2. **Add tracking state** to `NetworkIntelCollector`:
```rust
pub struct NetworkIntelCollector {
transfers: HashMap<TransferKey, TransferState>,
}
```
Include cleanup in `tick()` so the map can't grow unbounded.
3. **Add an event** if the detector needs new input. Reuse `InterfaceRateEvent` or `ConnAttemptEvent` if you can; only define a new event type if the data isn't already in one.
4. **Detect and raise:**
```rust
fn detect_large_transfer(&mut self, ev: &SomeEvent) {
if triggered {
self.raise_alert(Alert {
severity: AlertSeverity::Warning,
category: AlertCategory::LargeTransfer,
message: format!("Large outbound transfer to {}", ev.dst),
detail: format!("{:.1} MB in {:?}", ev.bytes as f64 / 1e6, ev.duration),
timestamp: Utc::now(),
});
}
}
```
`raise_alert` is the existing helper that adds to both `active_alerts` and `alert_history`, dedupes, and respects the active TTL.
5. **Test it.** Each existing detector has a unit test that constructs a collector, feeds a sequence of events, and asserts on `active_alerts()`. Mirror the pattern.
6. **Document the new detector** in `collectors.md` under the threshold table.
---
## Don'ts
- **Don't add silent retries inside collectors.** They're called on the agent's clock — if the collector returns empty, the agent decides what to do (skip the field, retry next cycle, log).
- **Don't read system state inside `types.rs`.** That file is wire format only; collectors live next door.
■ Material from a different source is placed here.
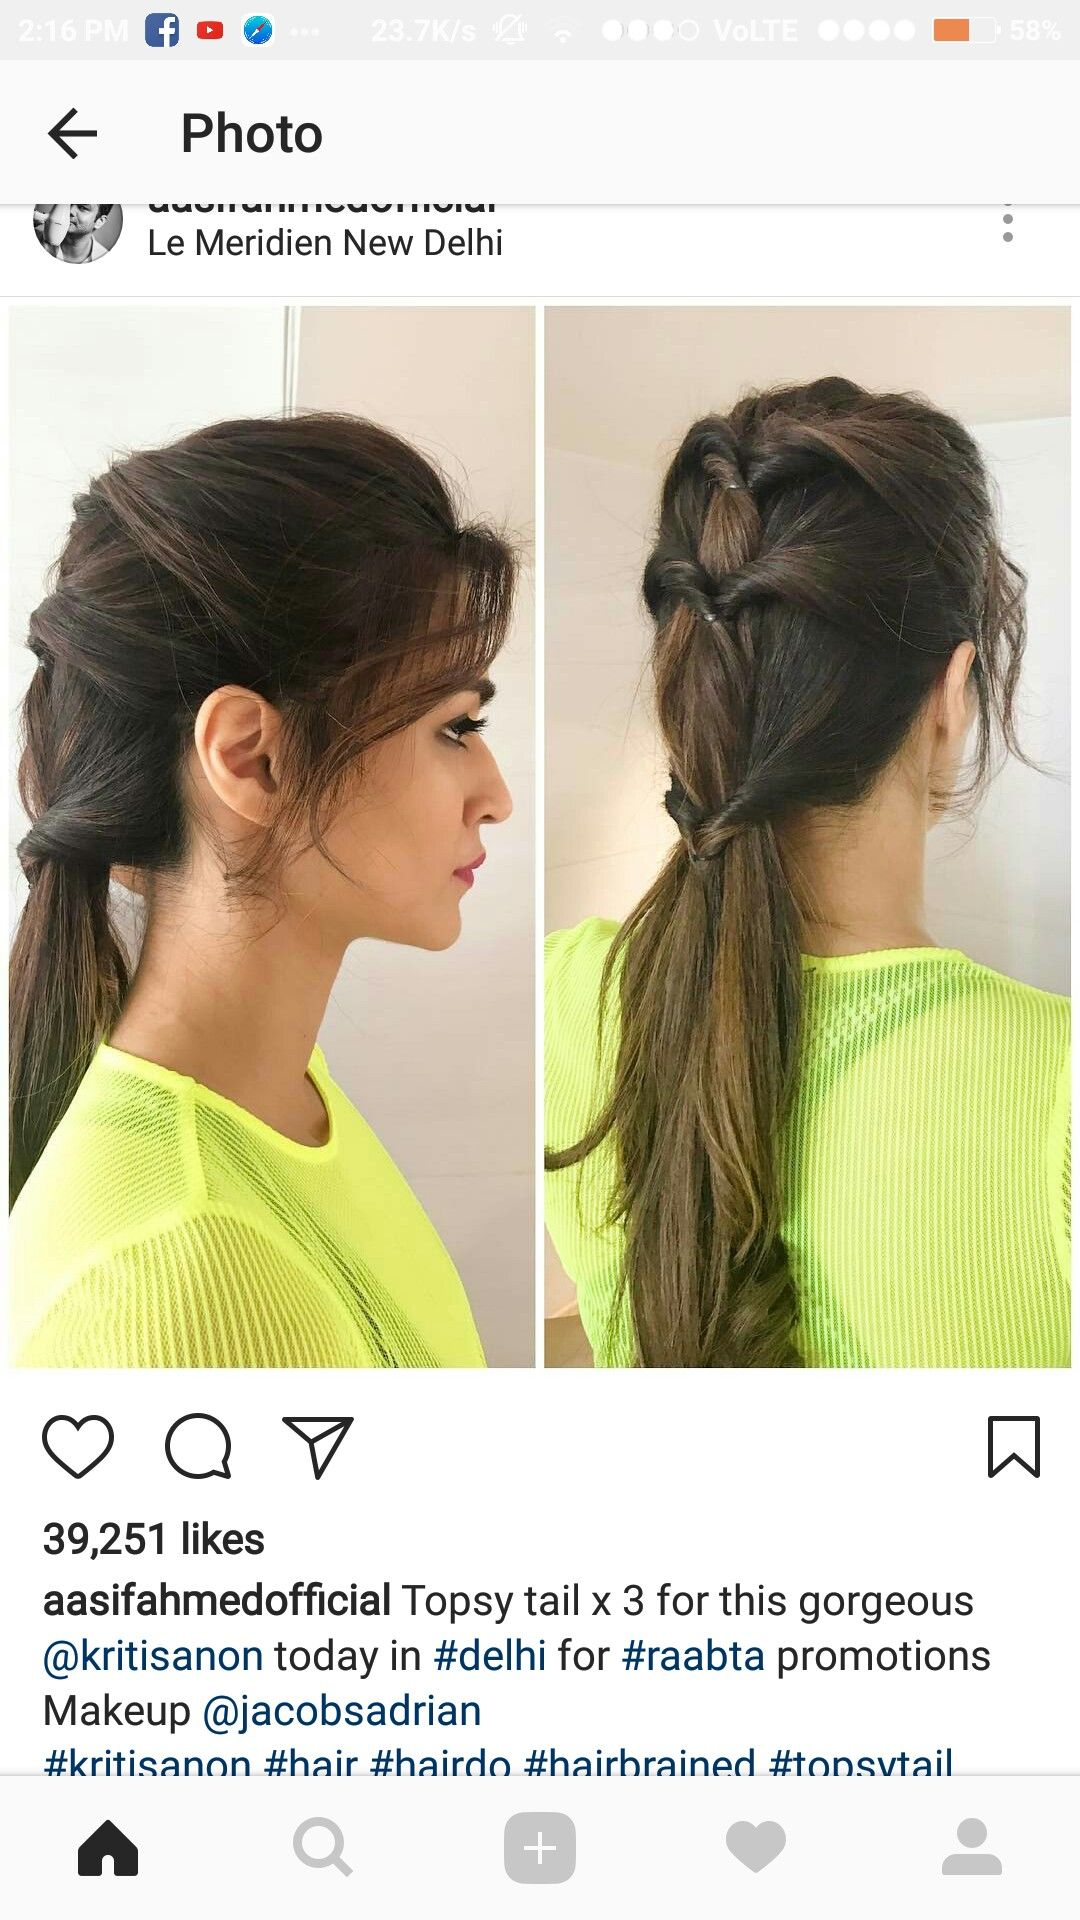 Pin By Darshana Chaudhari On Hairstyles Hair Styles Front Hair Styles Braid Hair Dos

- **Don't add a dependency to satisfy one collector.** If the collector needs something exotic (eBPF, kernel modules, IOKit), gate it behind a Cargo feature so callers who don't need it don't pay the build cost.
- **Don't break the wire format silently.** Bump the version when you add a field that affects existing payloads' interpretation, even if the change is technically additive.